If an application is denied by one judge of the FISC, the federal government is not allowed to make the same application to a different judge of the court, but must appeal to the United States Foreign Intelligence Surveillance Court of Review. Such appeals are rare: the first appeal from the FISC to the Court of Review was made in 2002, 24 years after the founding of the FISC.

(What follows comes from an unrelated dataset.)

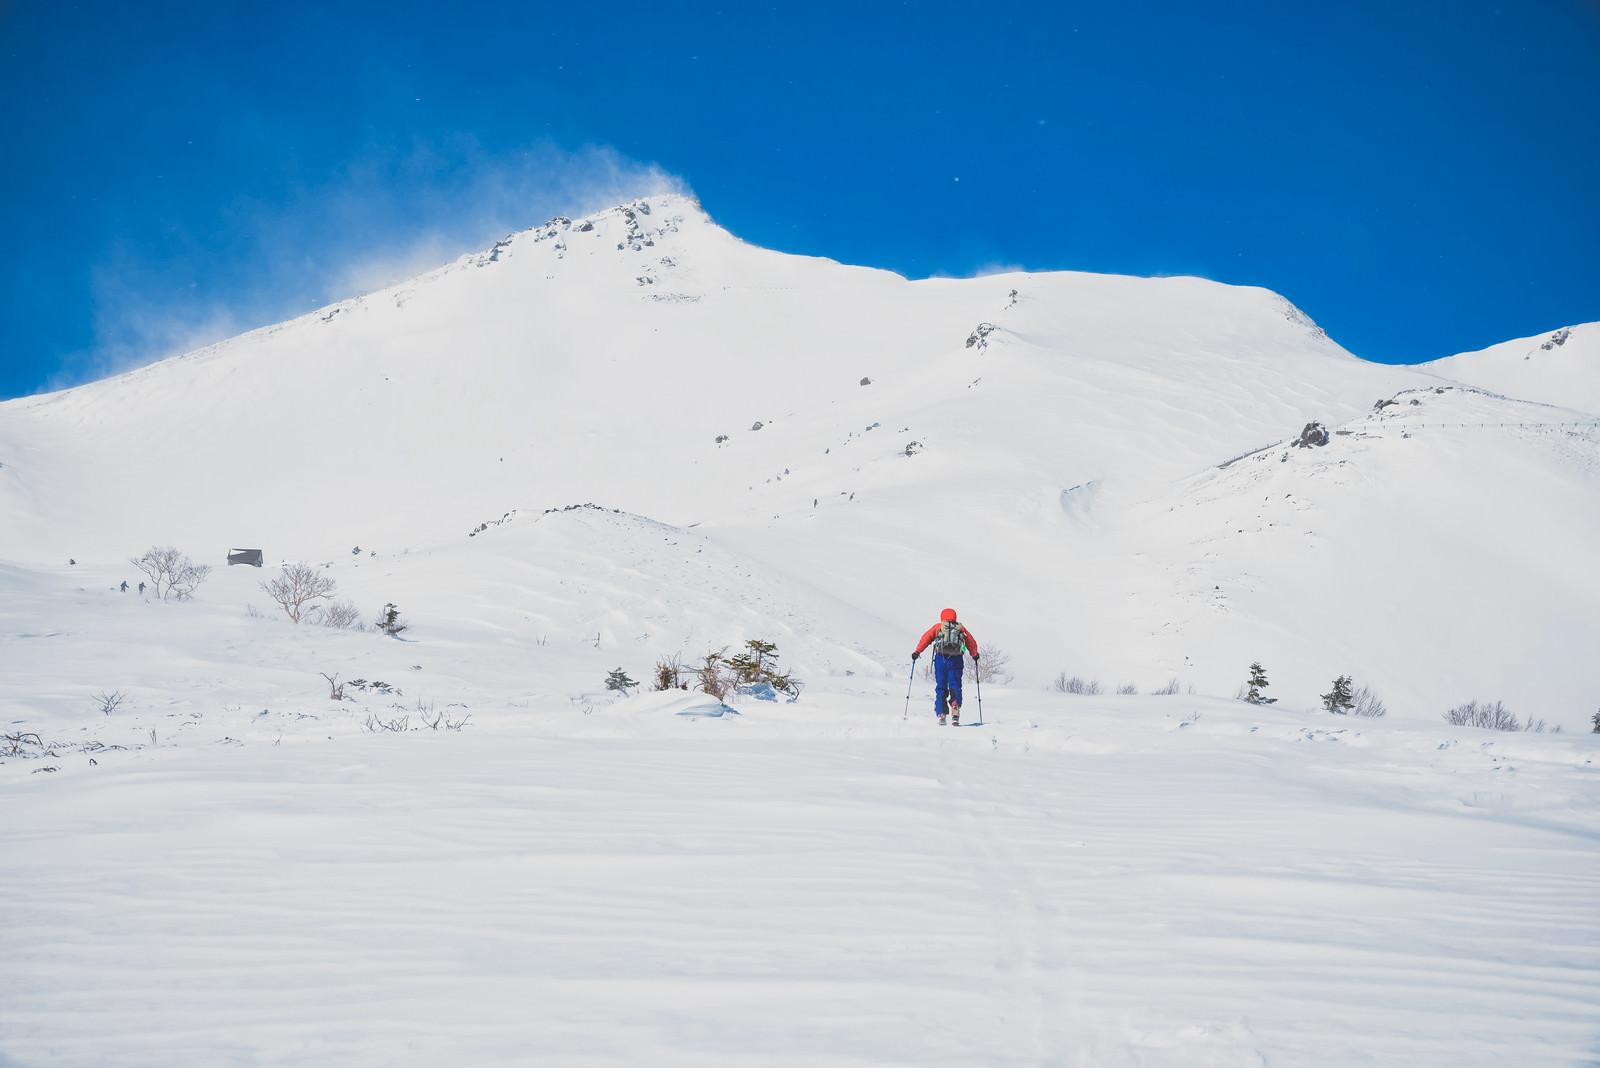 「摩利支天岳(乗鞍)に向かうバックカントリースキーヤー」の写真

It is also rare for FISA warrant requests to be turned down by the court. Through the end of 2004, 18,761 warrants were granted, while just five were rejected (many sources say four) . Fewer than 200 requests had to be modified before being accepted, almost all of them in 2003 and 2004. The four known rejected requests were all from 2003, and all four were partially granted after being resubmitted for reconsideration by the government. Of the requests that had to be modified, few if any were before the year 2000. In subsequent years, according to journalist Joshua Micah Marshall, the breakdown was as follows:
Year | Modified requests |
---|---|
2000 | 1 request modified |
2001 | 2 requests modified |
2002 | 2 requests modified (both modifications later reversed) |
2003 | 79 requests modified (out of 1724 granted) |
2004 | 94 requests modified (out of 1758) |
On May 17, 2002, the court rebuffed then-Attorney General John Ashcroft, releasing an opinion that alleged that FBI and Justice Department officials had "supplied erroneous information to the court in more than 75 applications for search warrants and wiretaps, including one signed by then-FBI Director Louis J. Freeh". Whether this rebuke is related to the court starting to require modification of drastically more requests in 2003 is unknown.
On December 16, 2005, the New York Times reported that the Bush administration had been conducting surveillance against U.S. citizens without the knowledge of the FISC since 2002. On December 20, 2005, Judge James Robertson resigned his position with the FISC, apparently in protest of the secret surveillance. The government's apparent circumvention of the FISC started prior to the increase in court-ordered modifications to warrant requests.